Three principles now guide implementation sequencing.

Match architecture to uncertainty. Prove value with the smallest loop. Add orchestration when measured failure modes demand it.

Separate workflow agents from dialogue agents with one test: does a human need to co-evolve the spec mid-run. If yes, use a conversational agent. If the spec is fixed at submission time, use a pipeline.

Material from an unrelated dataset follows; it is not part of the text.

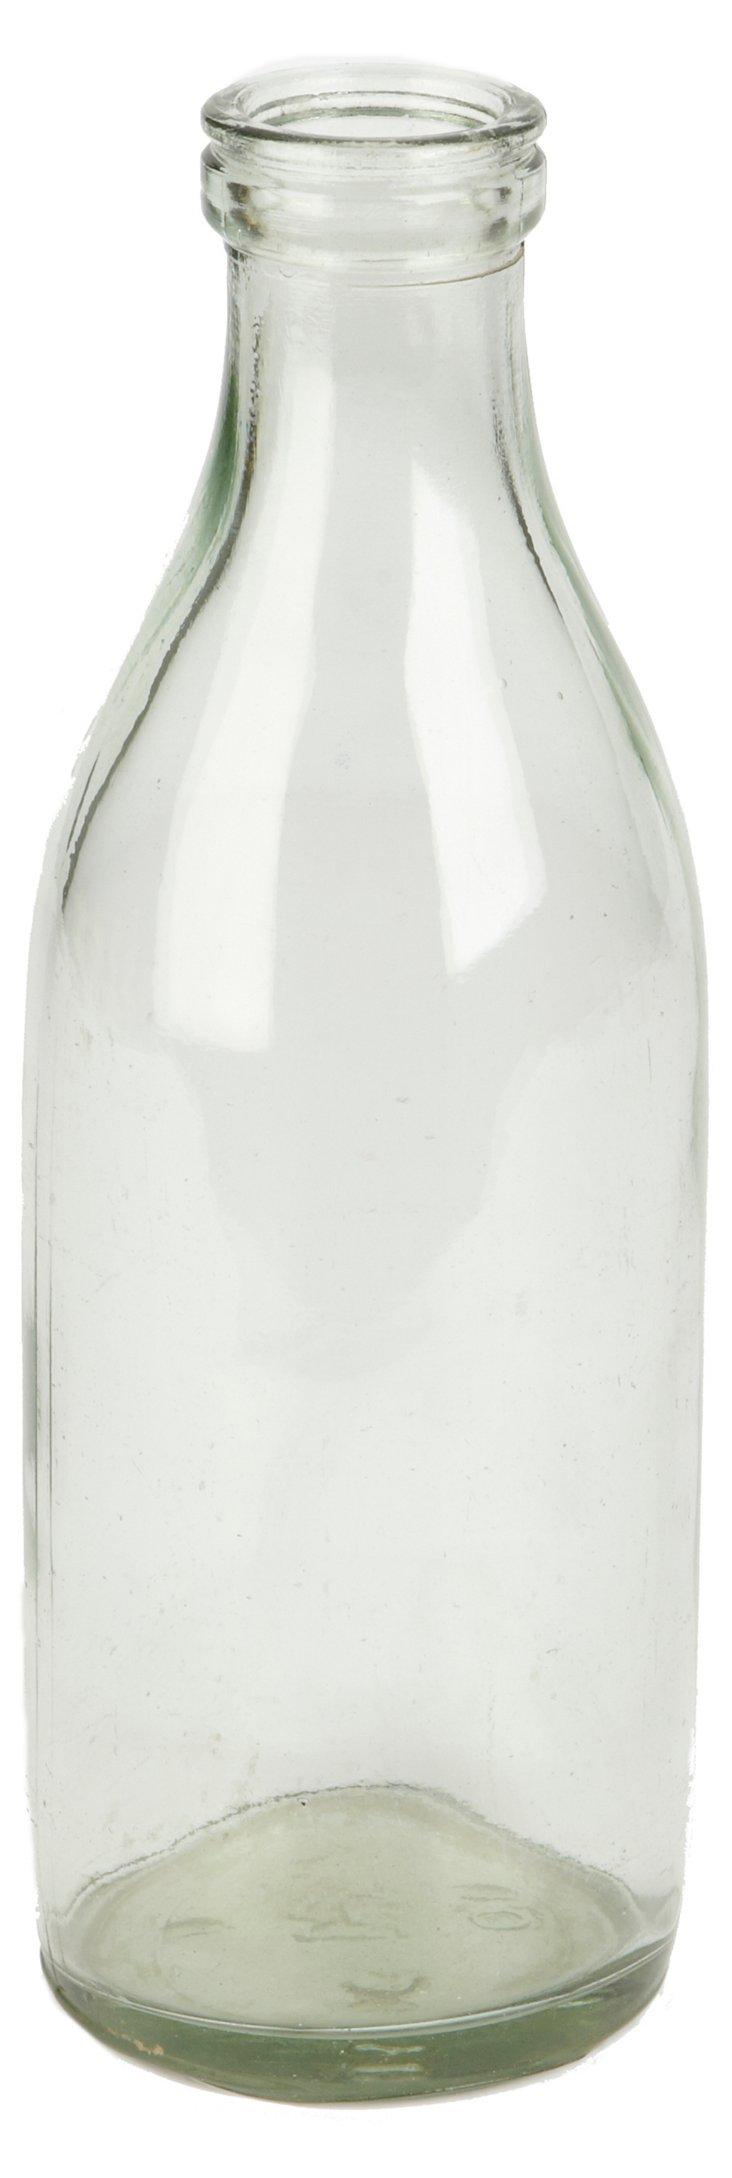 Found Yogurt Bottle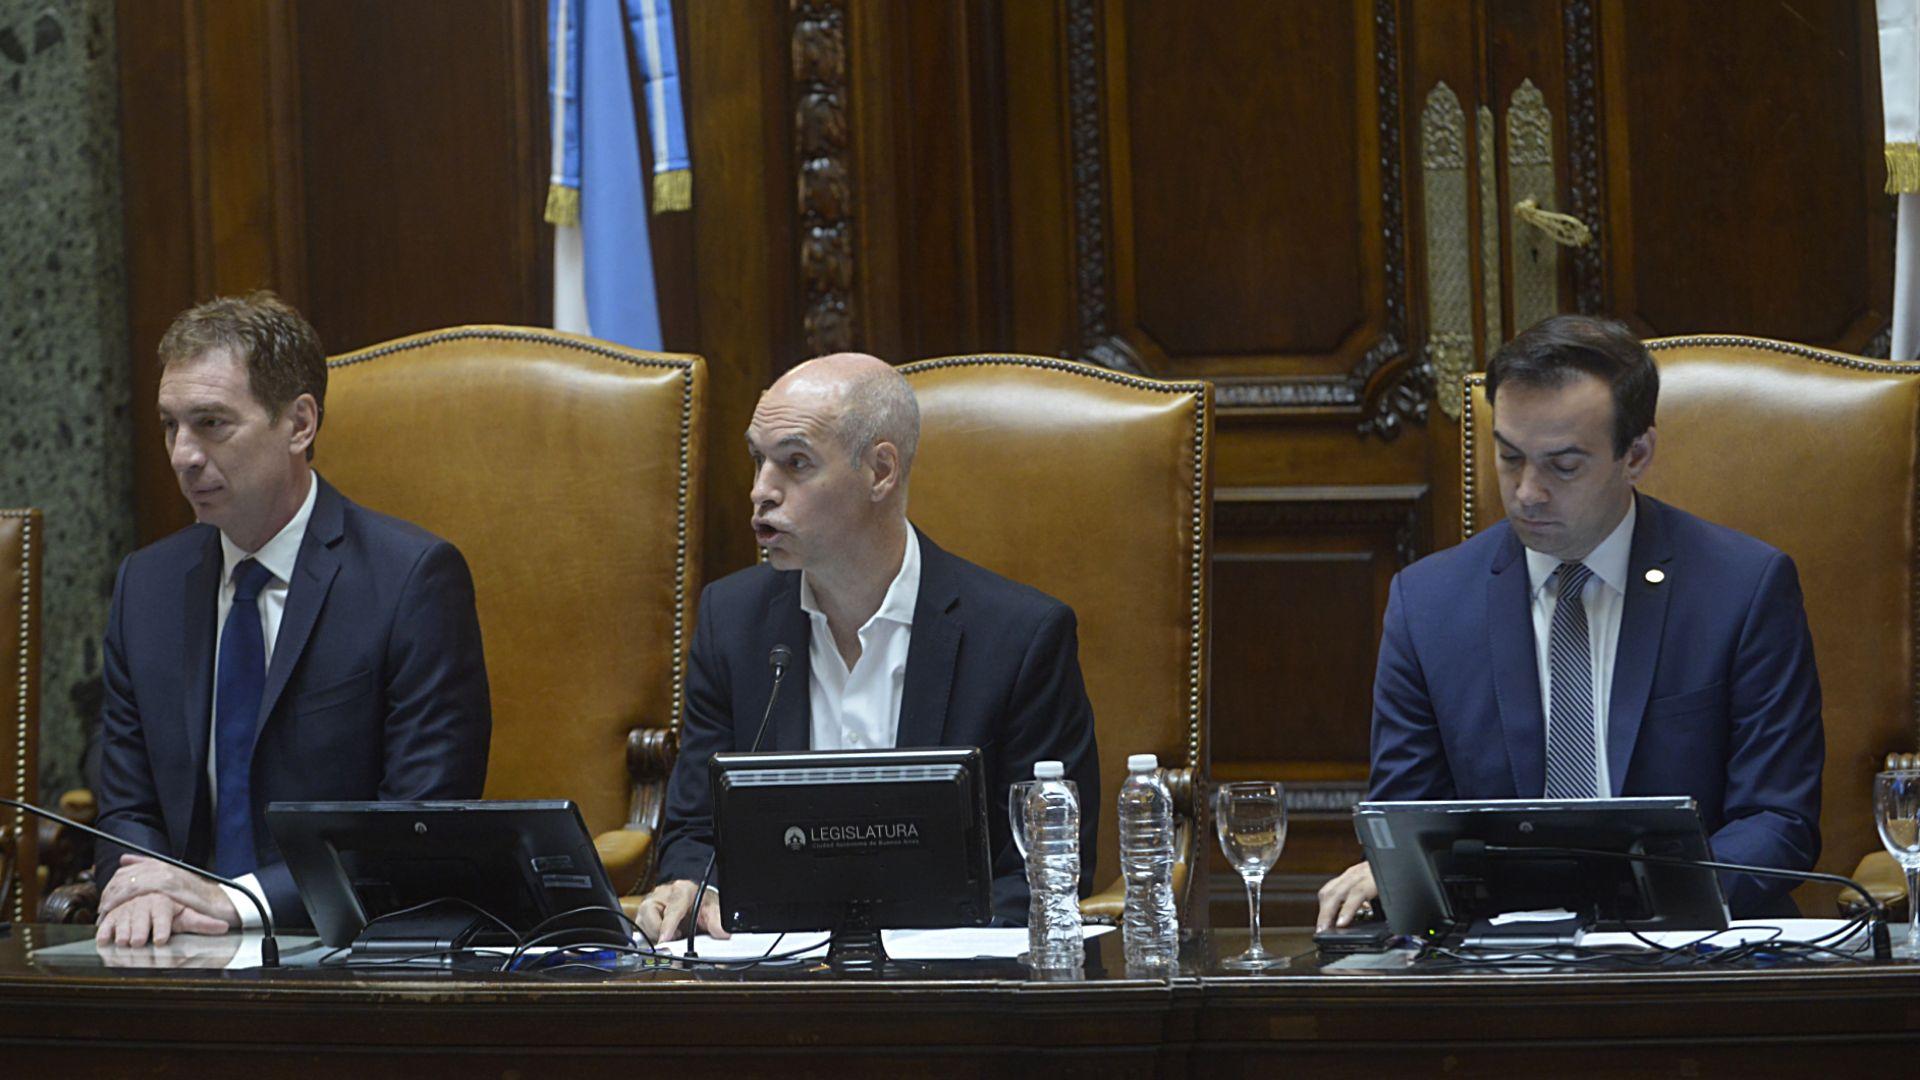 Diego Santilli, Horacio Rodríguez Larreta y Francisco Quintana durante la apertura de sesiones ordinarias en la Legislatura porteña. (Fotos: Gustavo Gavotti)

Treat prompts, tools, context splits, memory, and telemetry as costed levers. Buy each lever for a specific failure class and verify that mapping in traces.

The core skill is sequencing judgment: which pattern to skip, why to skip it now, and what evidence should trigger adoption later.

This post reflects patterns from enterprise AI work in an automotive setting (including Volvo). Examples are illustrative composites built from recurring patterns.